## Record set

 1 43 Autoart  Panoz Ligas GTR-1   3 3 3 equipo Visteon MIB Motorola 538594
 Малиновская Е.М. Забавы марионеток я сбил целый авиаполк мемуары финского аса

==

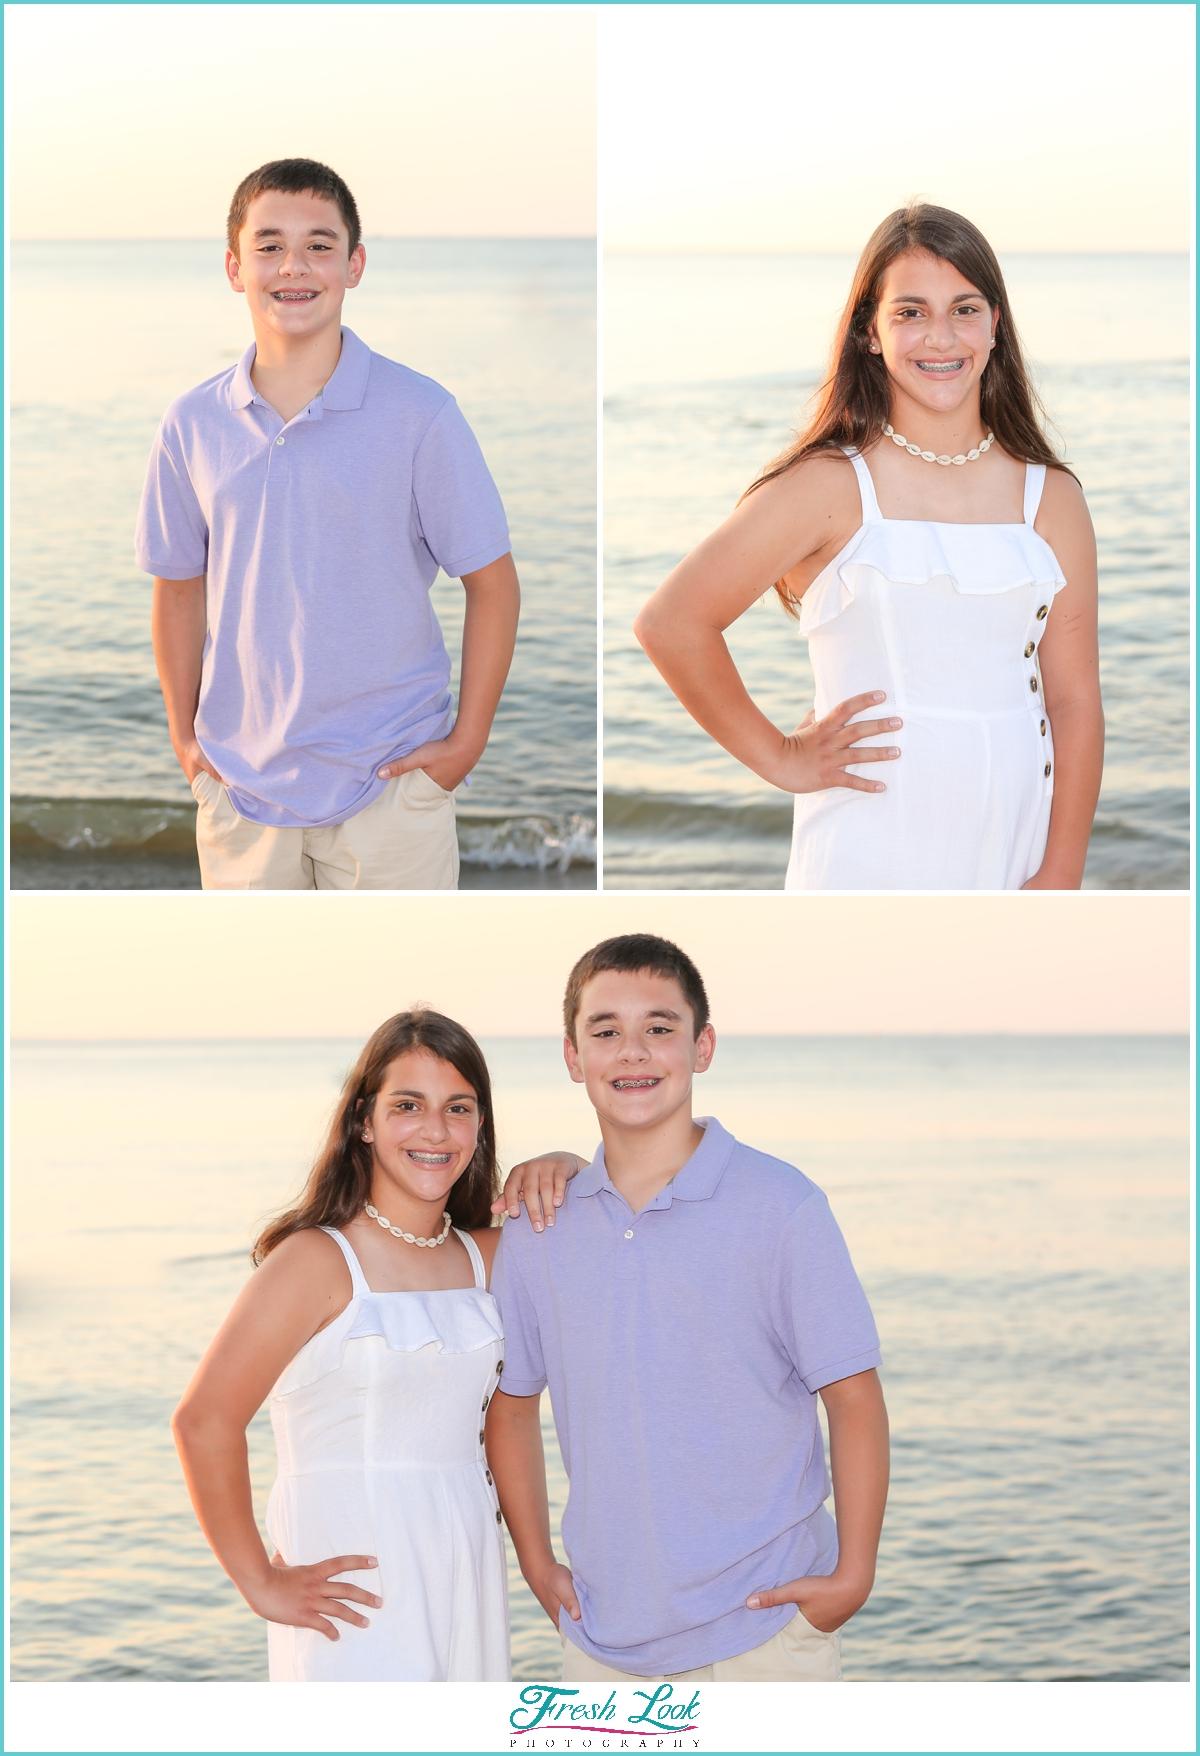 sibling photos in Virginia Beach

...

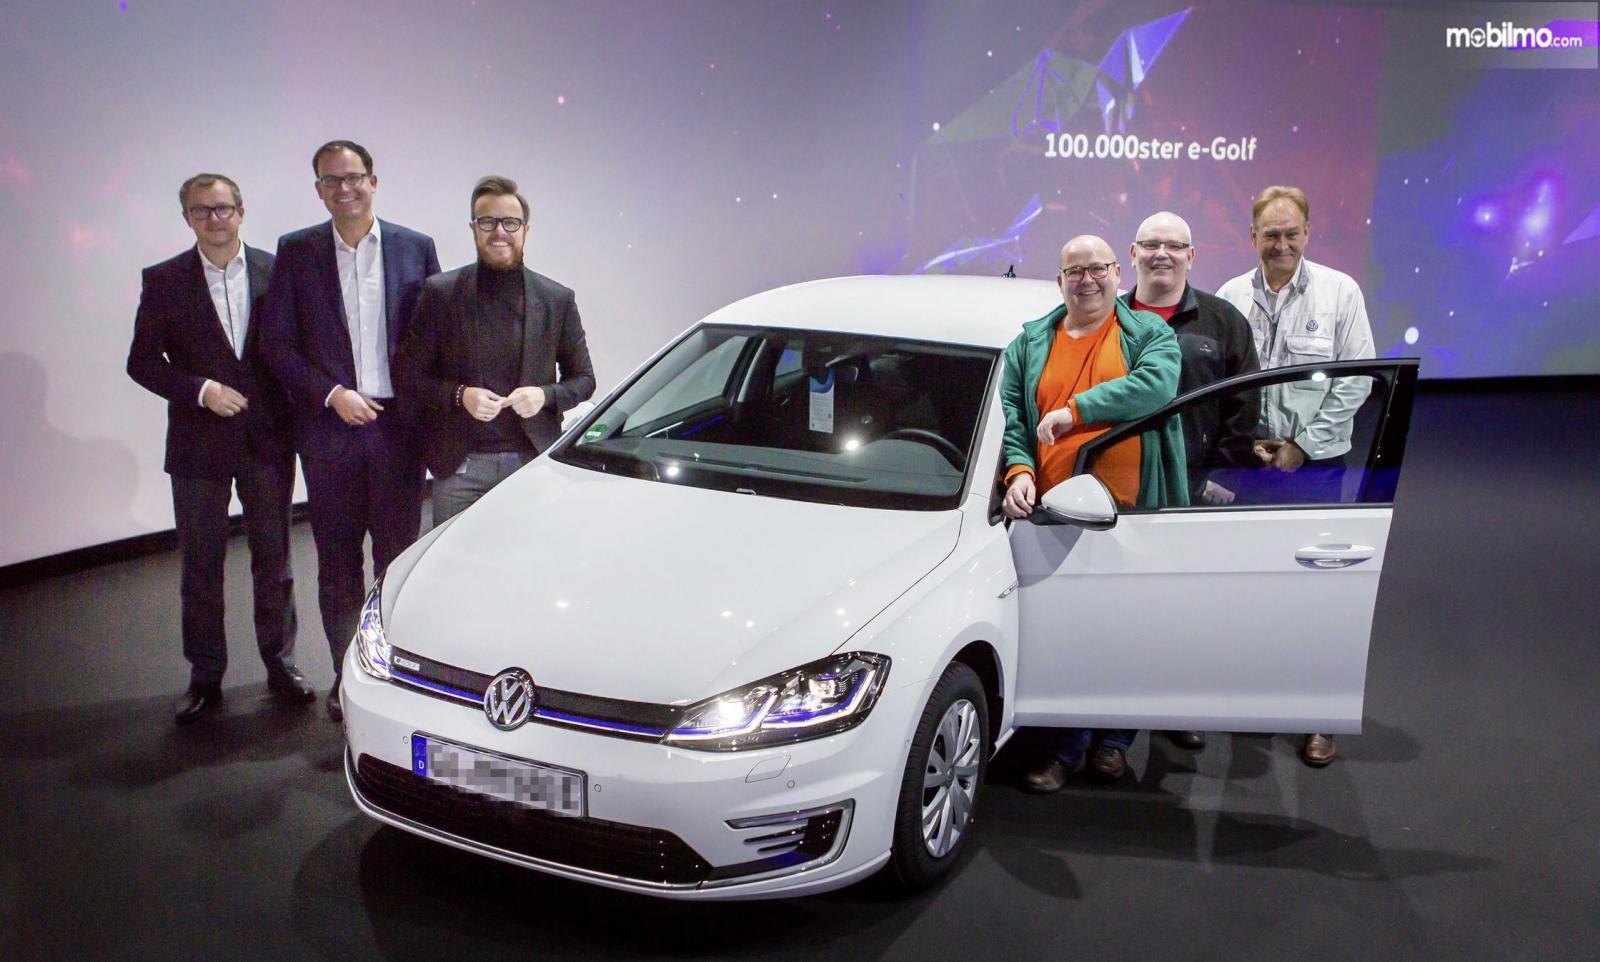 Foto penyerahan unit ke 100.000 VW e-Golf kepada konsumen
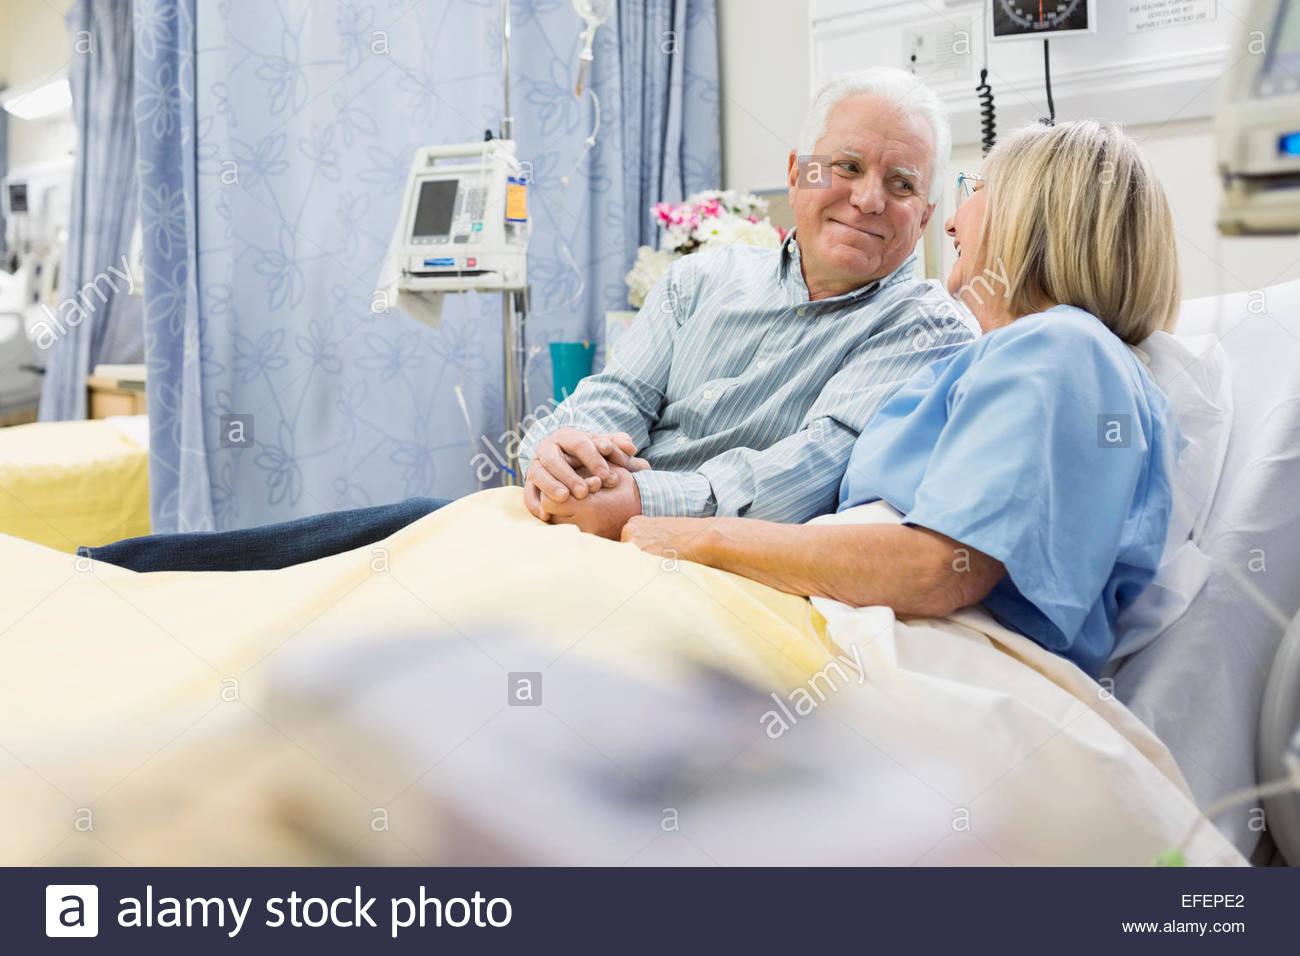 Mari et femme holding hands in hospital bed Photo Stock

## Work item
Reproduce, character for character, only the lines of the preceding data that start at the line with "1 43 Autoart" and end at the line with "Малиновская Е.М. Забавы", both included.

## Task response
 1 43 Autoart  Panoz Ligas GTR-1   3 3 3 equipo Visteon MIB Motorola 538594
 Малиновская Е.М. Забавы марионеток я сбил целый авиаполк мемуары финского аса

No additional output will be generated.